When I transitioned to biotech, there were a whole new set of challenges that had to be overcome in order to propel really important, potentially ground-breaking science forward for patients in need. For example, we had to be more nimble, financially disciplined, and communicate effectively and work collaboratively with multiple external stakeholders from investors, to regulatory agencies, to external partners and others – often with very small internal teams. So, I would say that it was during my time with both public, clinical-stage and small emerging biotech's that I encountered the most challenges and the most opportunities.
I’m proud to say, that working together with highly committed teams, we confronted these challenges head on to successfully navigate the complex road to bringing novel therapies to patients. Those successes range from closing Series A funding and bringing a three-person organization to the clinical stage, to positive FDA Advisory Committee meetings, to novel drug approvals and launches.
OSP: What do you feel most passionate about in your current role?
I have tremendous passion for our mission at Intergalactic Therapeutics and have spent my career building toward this moment. All of my previous experiences have prepared me for my role as the CEO as we take this company toward the clinical stage to unlock the potential of non-viral gene therapy and bring lifesaving and life-changing treatments to patients.

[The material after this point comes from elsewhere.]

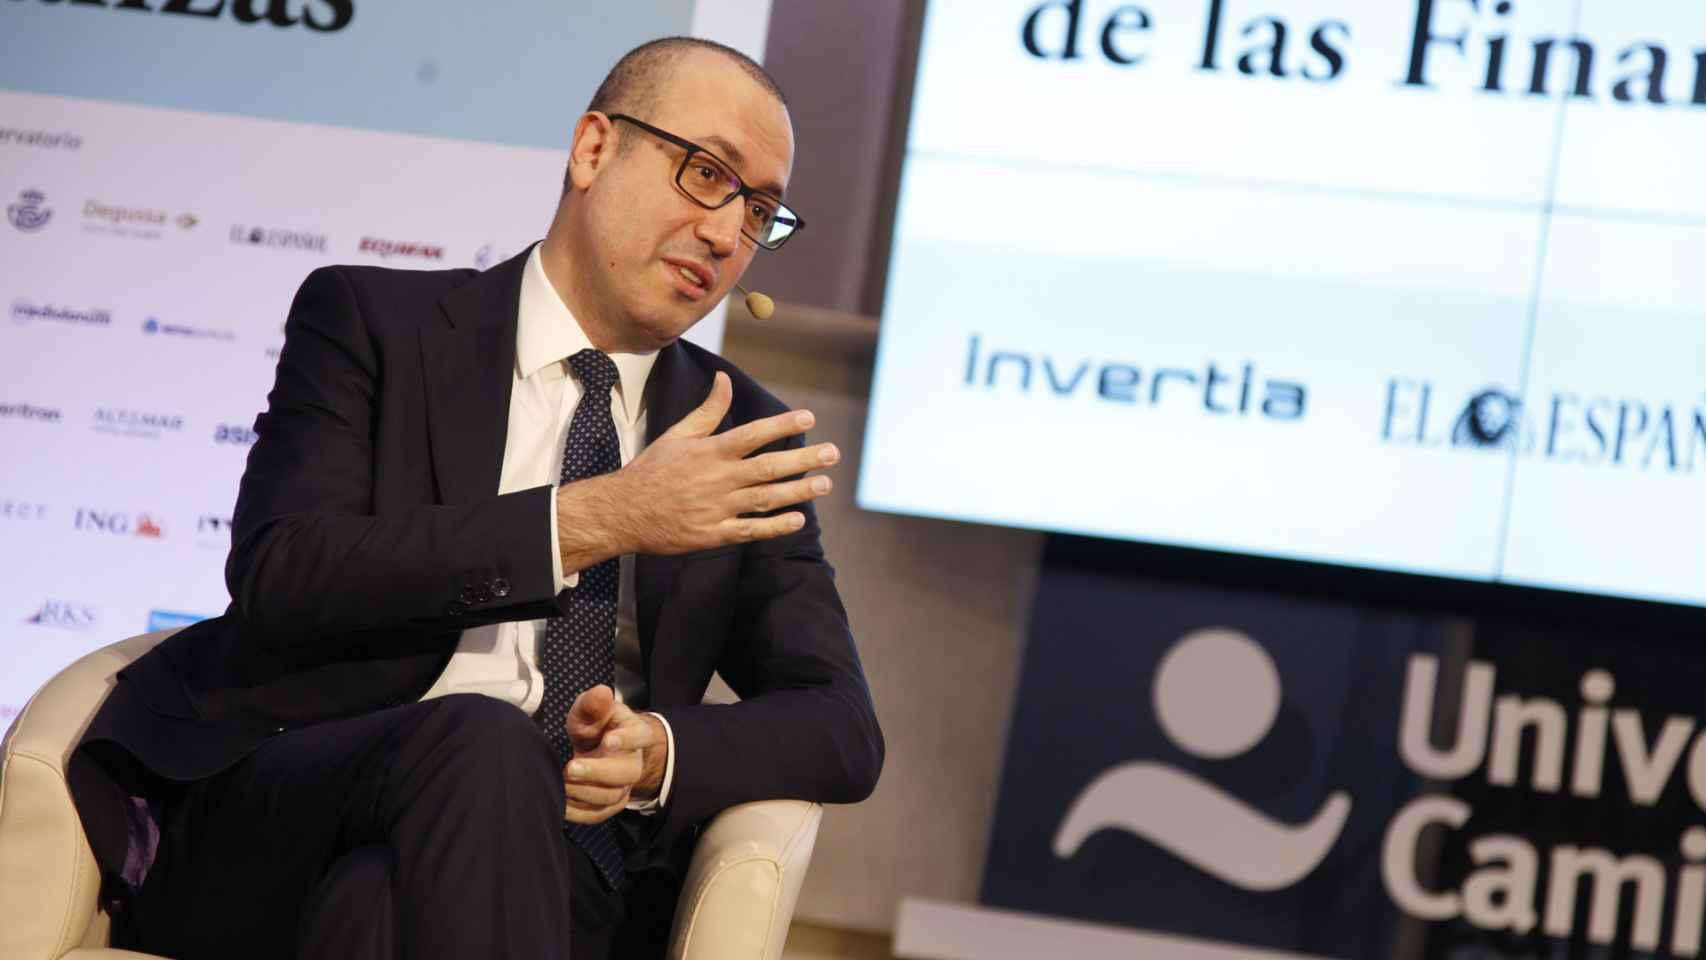 Onur Genç, consejero delegado de BBVA, durante su intervención en el Observatorio de las Finanzas organizado por EL ESPAÑOL.

From this first-hand experience, I’m able to combine my expertise and passion for science and ophthalmology with deep knowledge about what it takes raise funds, perform with financial discipline, and build multi-billion-dollar companies with highly dedicated, high-performing teams who share a common goal of bringing transformational change to patients in need of breakthroughs.
Moreover, I understand the importance of creating value for investors and shareholders and communicating with and educating different stakeholders from investors to sell-side analysts to eyecare professionals. All are crucial in order to deliver on our mission.
And lastly, I’m passionate about working with passionate people. I feel very fortunate that I am supported by an incredible team of talented and collaborative people at Intergalactic, who are working tirelessly to advance a safer, more effective, more versatile, and more accessible solution to address ophthalmological disorders and beyond.